Nominal (categorical) data is qualitative — it is simply some indication of a given observation having a characteristic or not. An easy example from social science is race: someone in the US could be denoted as white, black, Asian, etc. — these labels may covary systematically with other data, but racial/ethnic categorization is not *quantifiable* in the sense that is has no absolute or relative natural ordering.

Ordinal data is quantitative, but only in a relative way via natural ordering. For example, we might ask a survey respondent how much they agree or disagree with a given statement and ask them to give their response on an integer scale of 1-5. When comparing different responses, we will be able to make assertions about how each response is more/less emphatic in a given direction, but we will not be able to precise answer *how much*. Things like ordered preference among categories also fall here — we could ask people to order their preference for five different types of soft drink, for example, and then try to make assertions about their relative popularity based on the aggregated responses.

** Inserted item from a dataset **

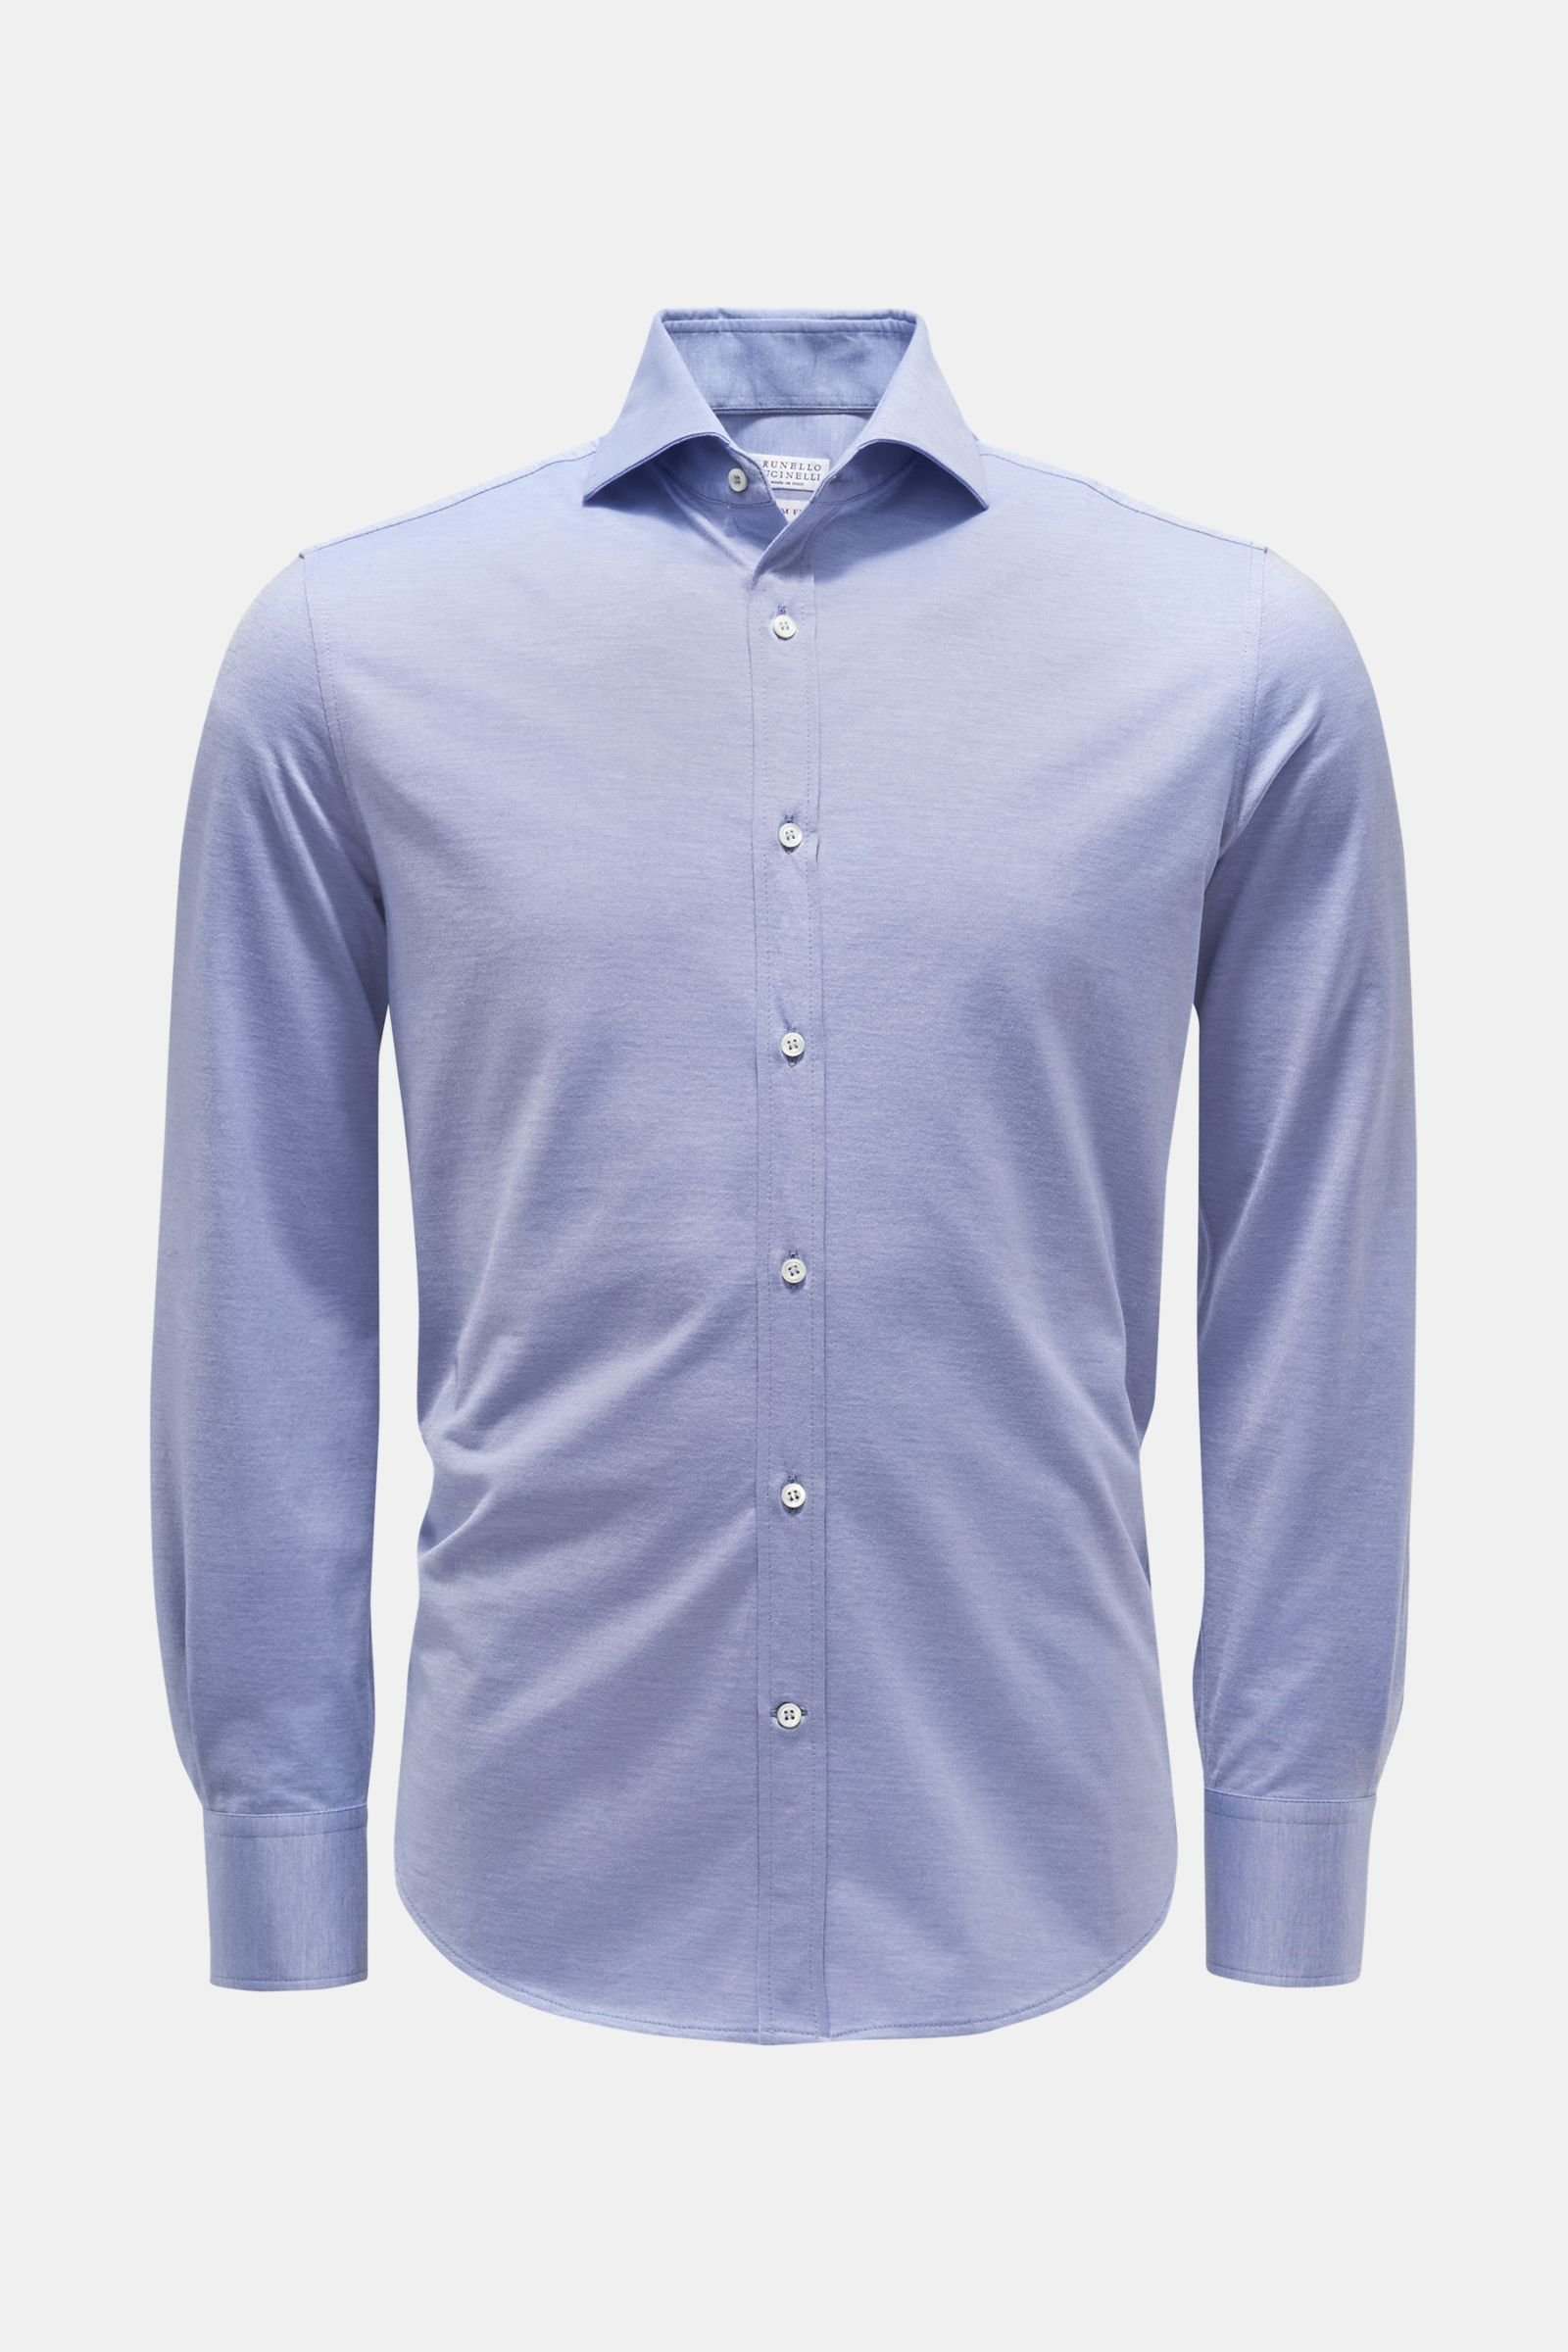 Jersey shirt shark collar smoky blue

Continuous data (including interval) is data for which more precise measurement allows for both the above *ordinality* of responses as well as *cardinality* — that is, *how much* more/less a given response is compared to others. Measuring income in dollar amounts, for example, allows us to make more exact assertions about the covariance between income and other variables (e.g. if age/income have a linear relationship, we can try to model it and get an estimate for exactly how much more income to expect given each additional unit of age or vice-versa).